В сущности, «Остальгия» – локальный феномен, возникший у немцев, когда они, сломав Стену, стали благодушно вспоминать то, что за ней пряталось: карликовые автомобили «Трабант», Катарину Витт и Дина Рида по прозвищу Красный Элвис. Природа этой тоски примерно та же, что манит моих московских гостей на Брайтон-Бич, где все еще можно купить кепку-аэродром, ковер с лебедями, лифчик на четыре пуговицы и мясорубку харьковского завода. Но на выставке в Нью-Йорке были и такие экспонаты, по которым не грех скучать. Лучше всего ей удалась фотохроника перестройки – серия снимков одной площади на протяжении судьбоносных месяцев. На первых – не толпа, а группа, с отрешенными жертвенными лицами: вот-вот посадят. Но дальше – больше, причем сразу всего – и людей, и детей, и улыбок. Только милиции меньше, еще и потому что те, кто в форме, не лезли в кадр, боясь оказаться не на той стороне истории.
Разглядывая людей, сломавших режим, которого и свои, и чужие боялись до судорог, я поймал себя на мысли, что узнаю всех и каждого – бородатые физики и волосатые лирики. Умело лавируя между конформизмом и тюрьмой, они вырулили к свободе. Отчасти и потому, что начитавшись толстых журналов, всю жизнь учились избегать подлости, отличать своих, терпеть чужих, боготворить культуру и верить в ее искупительную силу.
Что же стало с ними сегодня? Да ничего особенного. По-моему, они изменились меньше своей страны.

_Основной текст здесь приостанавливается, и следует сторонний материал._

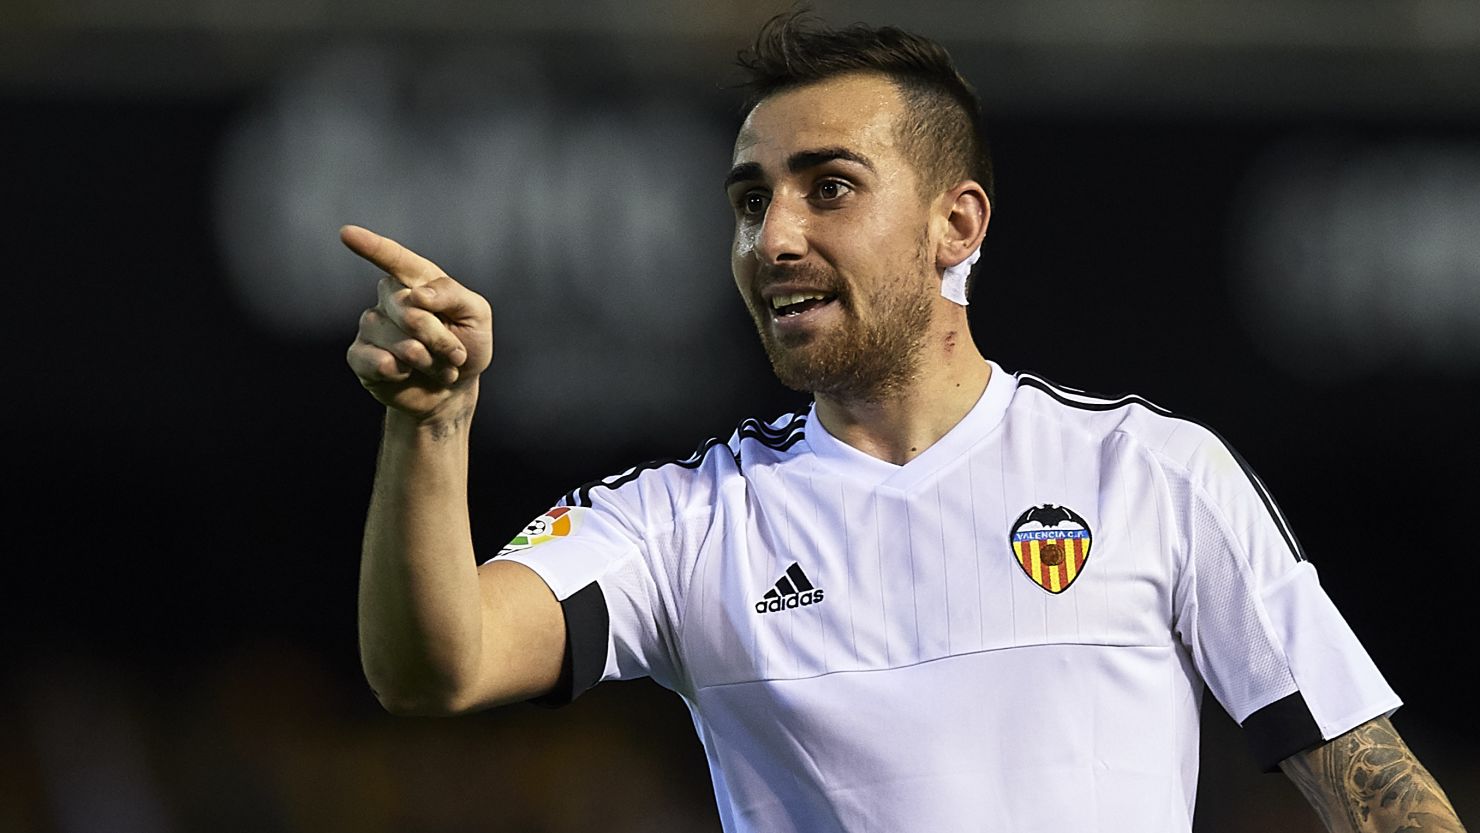 Paco Alcacer of Valencia celebrates his side's late equalizer in the 2-2 draw with Real Madrid in the Mestella.

С этим не все согласны. Мне говорят, что время «образованщины» кончилось. Скептики полагают, что ее заменил «офисный планктон» – с узкими интересами и широкими возможностями. Они осторожны, потому что им есть что терять. Они не любознательны, потому что уже все видели. Они не рвутся за колею, потому что обходятся комфортом. Их труднее удивить и проще разочаровать. Они уже не живут на кухне, меньше пьют, знают языки, не боятся границ и ценят свободу их пересекать.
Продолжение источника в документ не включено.